To experience is to feel, innately human. While Customer experience (CX) has had the limelight for years, it’s only quite recently that we’ve valued it’s ‘store of value’ – now in my opinion, another reboot with the low-touch epoch and rise of cryptocurrency. Again, my personal opinion – as a practitioner/student for decades – we’ve all seen our far share of the different facets – the evolution – of Experience Management (XM). To be more holistic and inclusive I believe ~CX + EX = XM. Oh, EX = Employee Experience and the other part of the largely XM binary system; the ‘neglected’ part – kinda like the CDOs & default swaps of the early 2000s – we’ve swept it under the carpet for too long. That is, until the pandemic hit, and everything started to unravel..

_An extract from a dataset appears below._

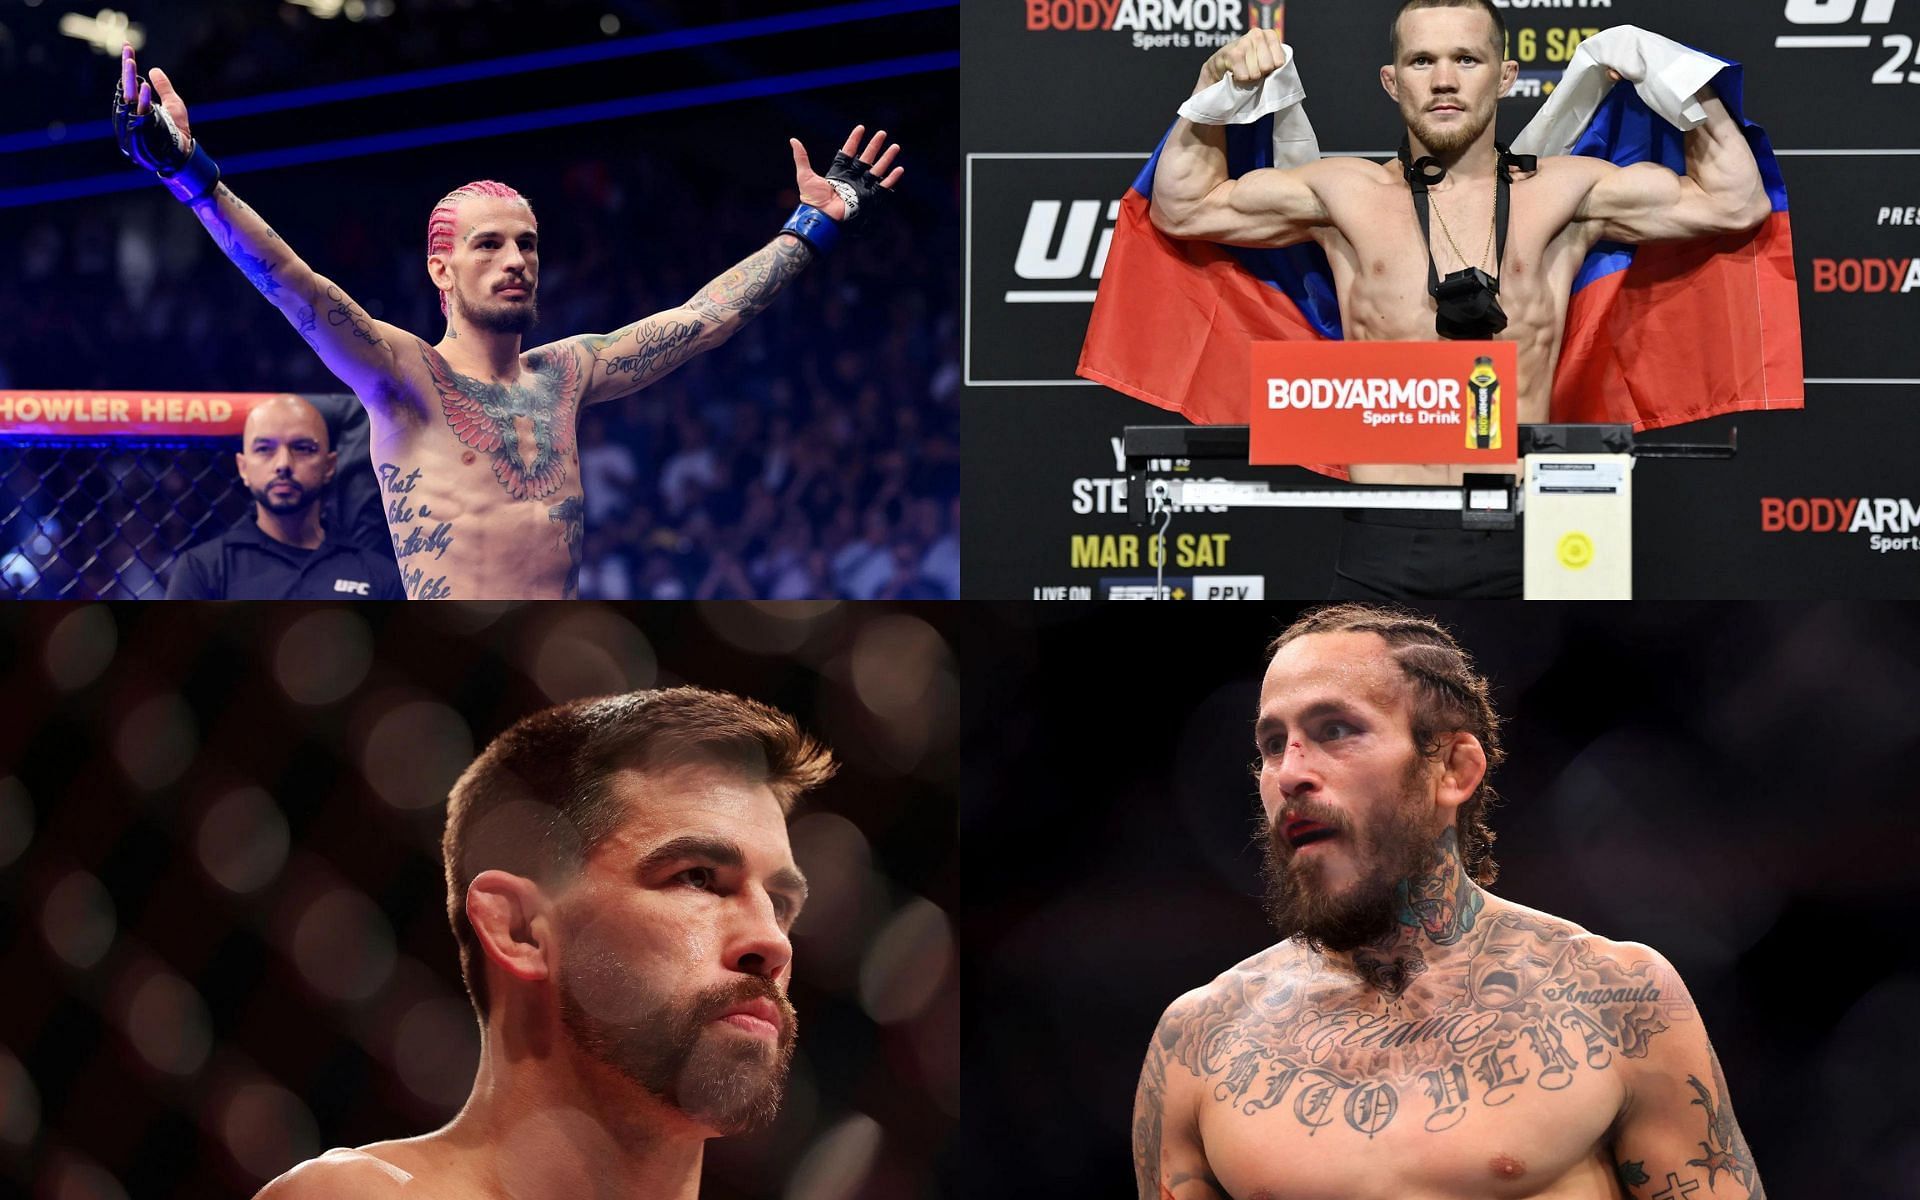 Clockwise, starting from top left: Sean O&#039;Malley, Petr Yan, Dominick Cruz, and Marlon Vera [ Images credits: Getty Images ]

I’d argue between CX and EX we have 80 maybe even 90% of the bulk/mass gravitational pull. But, there’s argument for ‘smaller’ masses of X – think of them like smaller planets on the outer reaches of the solar system – including Product, Brand experiences etc but we shall keep it simple for now.

We all know that CX hit prime time a few years (just shy of a decade) and has been a priority for businesses B2B and consumers B2C alike for some years now – but the idea that Experiences (distilled from constituent atomic parts transactions and interactions ) is a store of value (see the new #DeFi, crypto and mycelial network thinking now?) dates back to the start of this millennium when James H. Gilmore and B. Joseph Pine II coined the term “The Experience Economy,” see here. In the experience economy, experience is the repository of value — the property that commoditised products and services exploit to create (sustainable) competitive advantage. We just need to readapt/reimagine some of these nuggets for the Low Touch epoch. I’d also like to build upon some of those seminal ideas to introduce experience equity – possibly a sharper, crisper valuation method for XM. A few observations:

1. Void, tranches of value erosion due to the neglect of EX ; or rather overvaluation of CX perhaps ; for a large part of the last decade focus was on digital transformations, and most of these were to be more ‘customer centric’. Then we got into agile, new ways of working, scrum and backlogs and user stories – UX/UI and DevOps and Low/No-code systems impl went into overdrive. While the touch points washed away friction, became omnichannel, hyper personalised etc etc – our messy middle, back stage operations suffered , creaking under increased weight of execution. Kinda like a duck paddling faster and faster. The reason why businesses even exist. Sinek a few years back put it simply – golden circle – treat your employees right, and they will in turn do the same for your customers. Naïveté.

The pandemic really exposed this – made the effects/erosion of EX based equity – more obtuse and pointed. Maybe think of it as options; puts and calls, ex and cx. The equitable value of (solving for) EX has risen on top of CX.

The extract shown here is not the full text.